Джуди захотелось в туалет — я позволил. Сказал ей, что может одеваться, тогда она оделась, причесалась и слегка накрасилась. Когда она вышла, велел ей присесть на диван и немного отдохнуть. Я стал думать, что делать дальше, как поступить. Было уже ближе к вечеру, а я все пытался сообразить, можно ли ее отпустить, что будет, если я это сделаю, и не заявит ли она на меня в таком случае. Я несколько раз спросил у нее нечто вроде: «Джуди, что ты скажешь своим соседкам по квартире, когда придешь домой?», «Наверное, твои соседки переволновались из-за тебя, как думаешь, в полицию будут звонить?» Она дала понять, что постарается помалкивать об этом и выдумает какую-нибудь историю. Повторила, что не может себе позволить никаких скандалов или непристойностей, по своей воле или нет, потому что это плохо скажется на ее шансах вернуть себе ребенка.
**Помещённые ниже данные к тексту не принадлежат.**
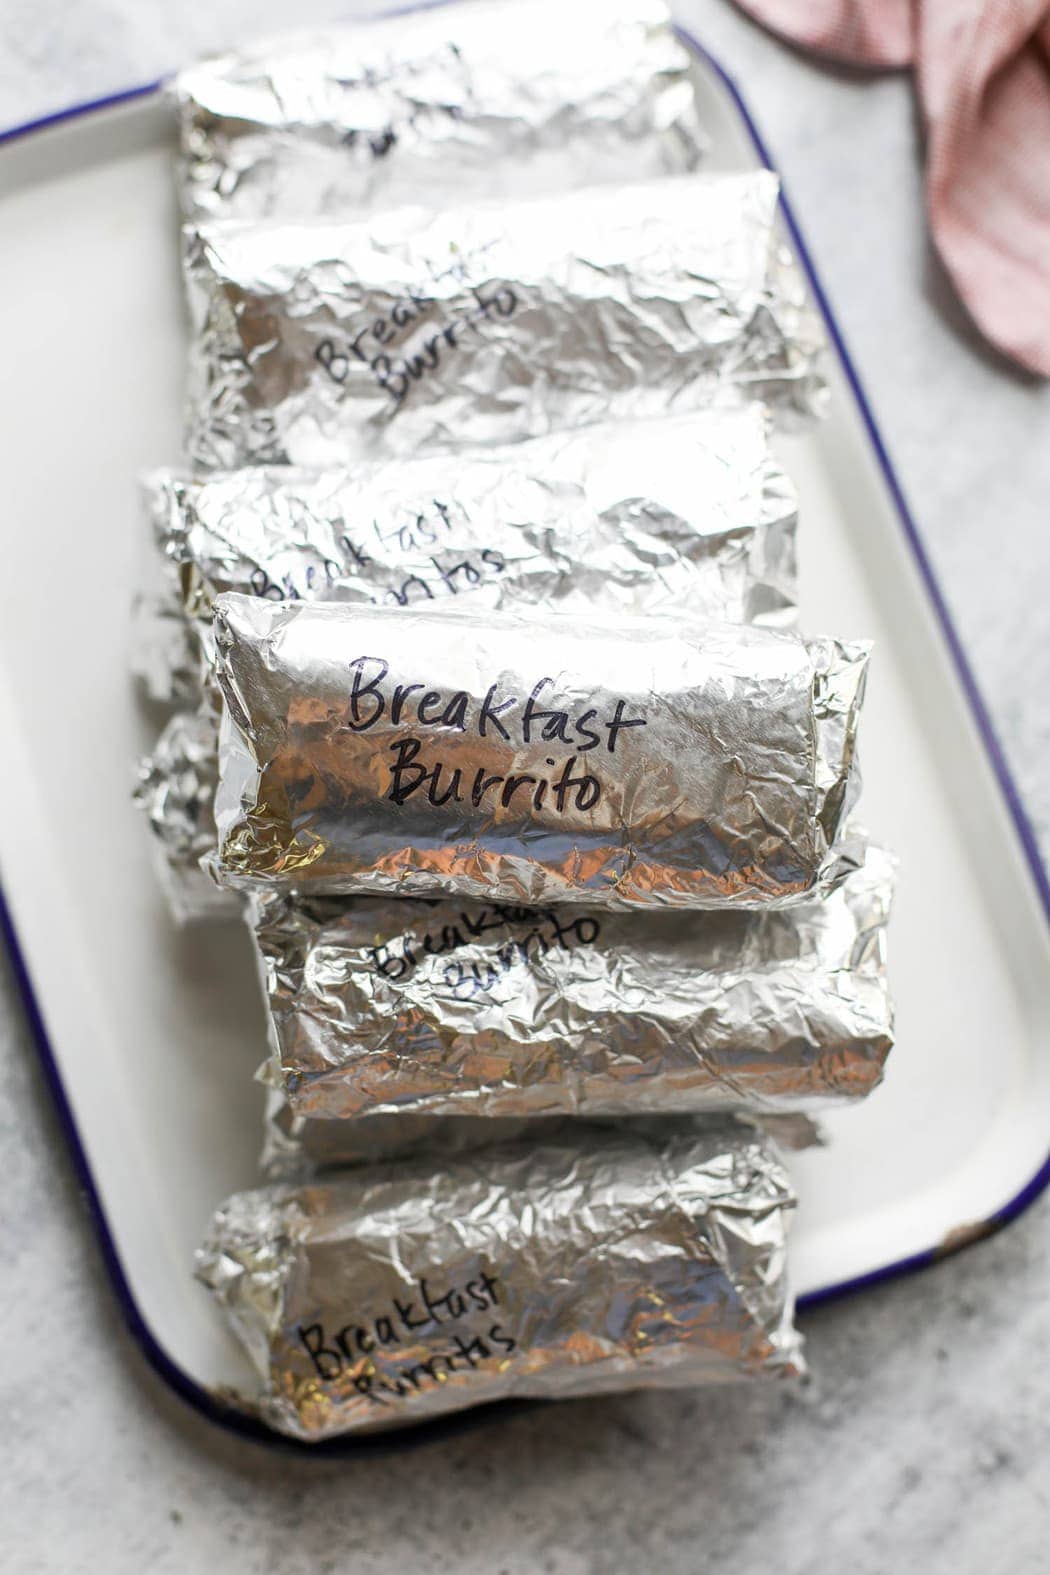 A stack of breakfast burritos on a white metal tray ready for placing in the freezer
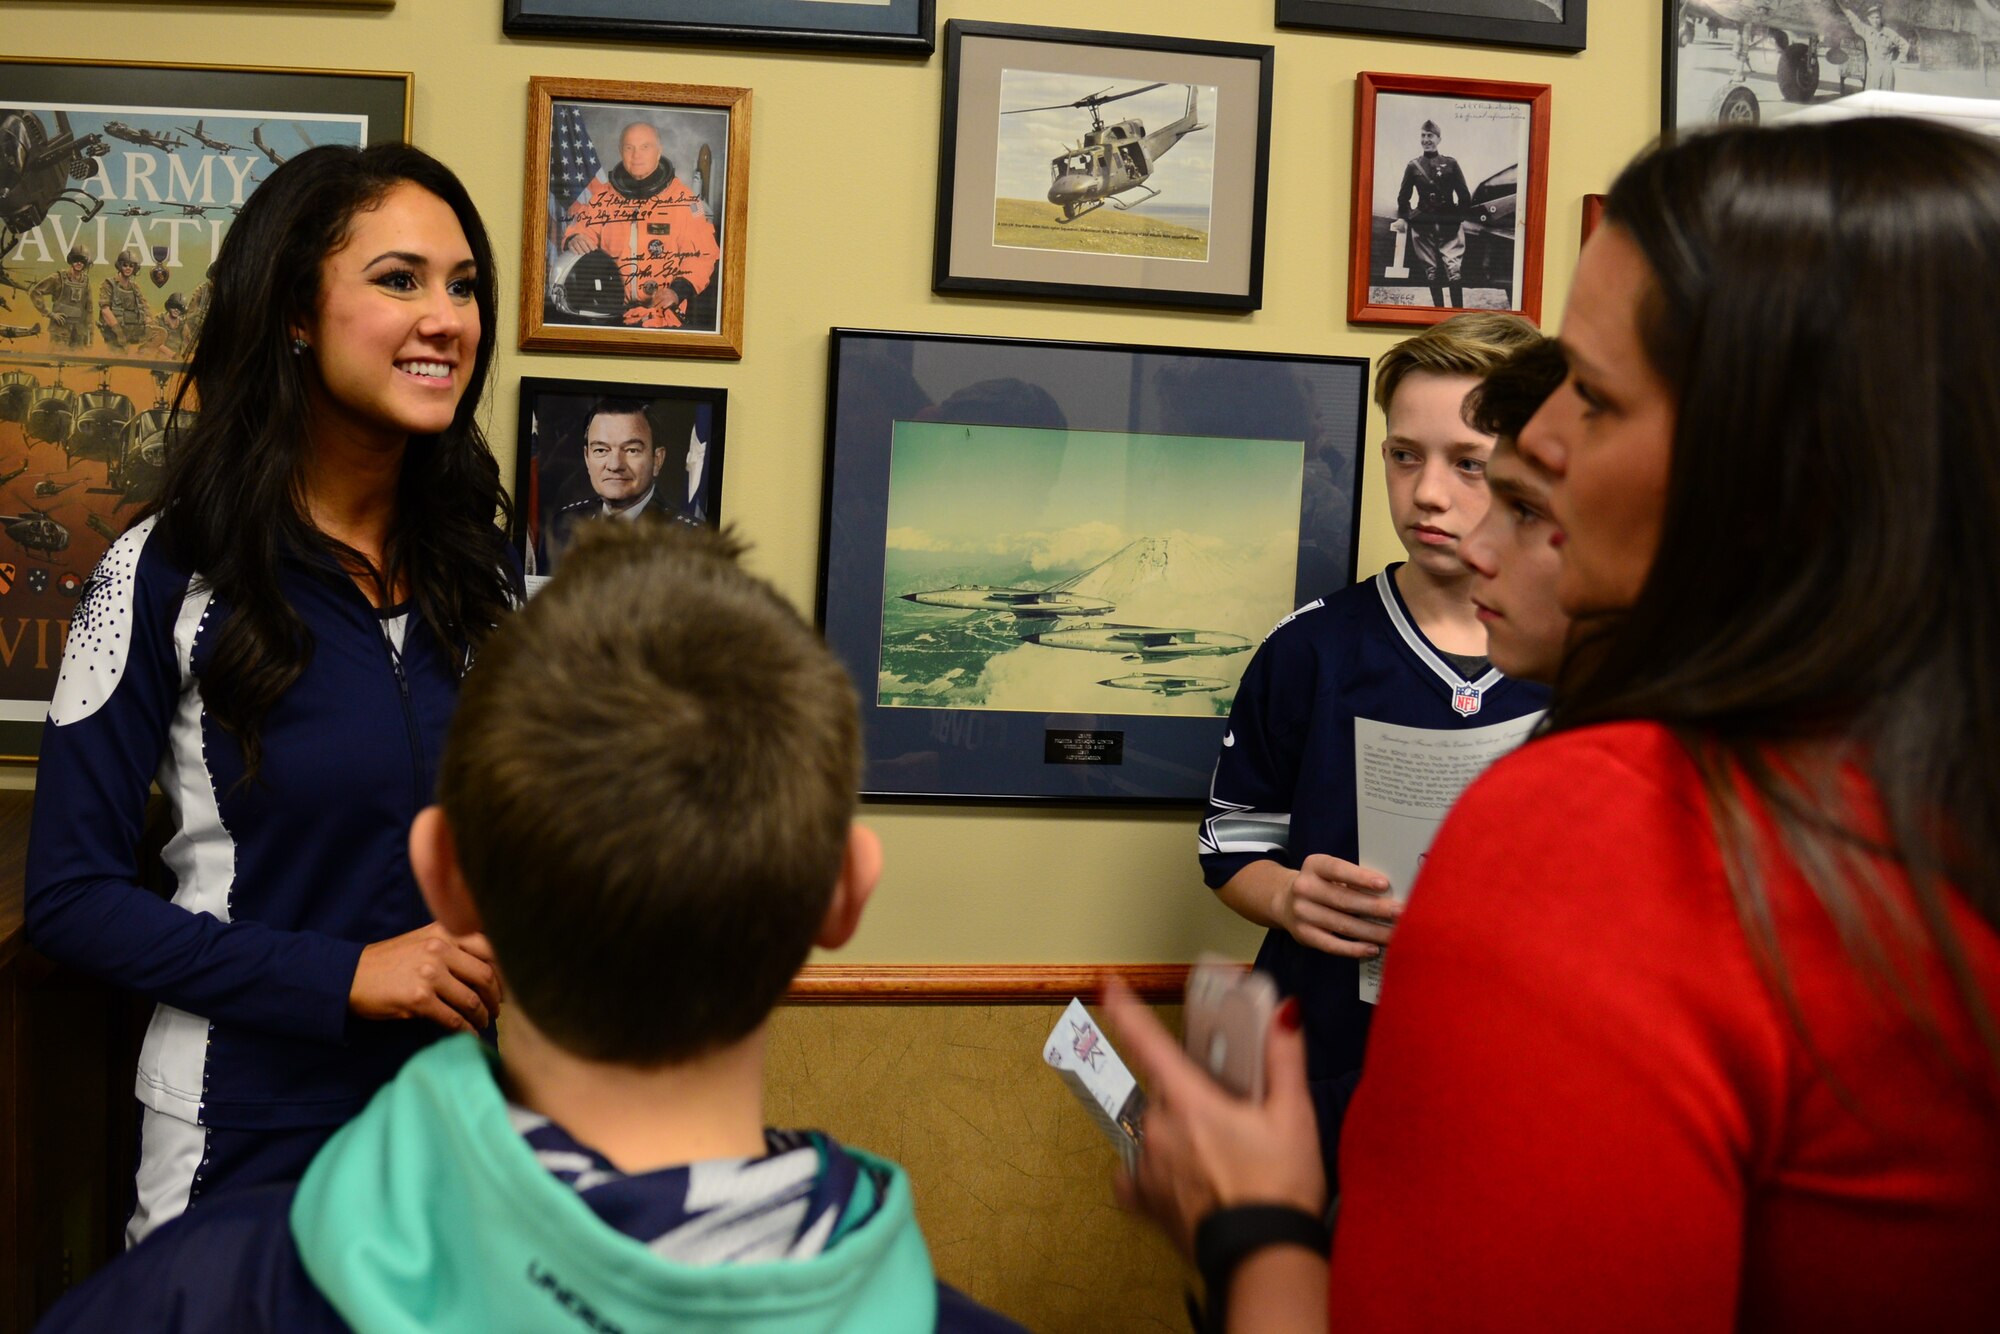 Dallas Cowboys Cheerleader Tess Guidry, speaks to families during a meet and greet Dec. 1, 2017, at Malmstrom Air Force Base, Mont.

Вот так я ее и переспрашивал, а сам старался что-то для себя решить. Мне пришло в голову, что самым надежным будет убить ее, потому что она знает, где я живу, модель и цвет машины, а может, и номер. Я взвешивал все возможные варианты. Оценивал свой страх вернуться в тюрьму и шансы на то, что она выдумает удачную историю. Не помню, сколько времени прошло, но, наверное, в полвосьмого или в восемь вечера я решил, что не могу рассчитывать на везение и, скорее всего, убью ее, чтобы скрыть, что уже с ней сделал. Решил вывезти ее куда-нибудь за город. Окрестностей я особо не знал, но понимал, что пустынные места где-то должны быть. Я включил телевизор, чтобы время шло незаметнее. Она так и сидела в кресле, потом задремала. Затем проснулась и спросила, не хочу ли я, чтобы она подсела ко мне на диван. Я сказал, что хочу, и она уселась ко мне на коленки. Это было в 22:15, потому что я помню, что смотрел вечерний выпуск новостей. После новостей я сказал, что мы уезжаем. Сказал, что отвезу ее куда-нибудь к черту на рога, там дам денег и выпущу на волю. Пообещал, что денег с лихвой хватит на автобусный билет обратно. Сказал, что из предосторожности должен связать ей руки.
Пока мы ехали, я продолжал спорить сам с собой, действительно ли собираюсь сделать это. Все пытался оправдаться перед собой тем, что не могу поступить по-другому, иначе точно снова окажусь в тюрьме. По правде сказать, я действительно думал, что отпустить ее — все равно что самому явиться с ней в полицию.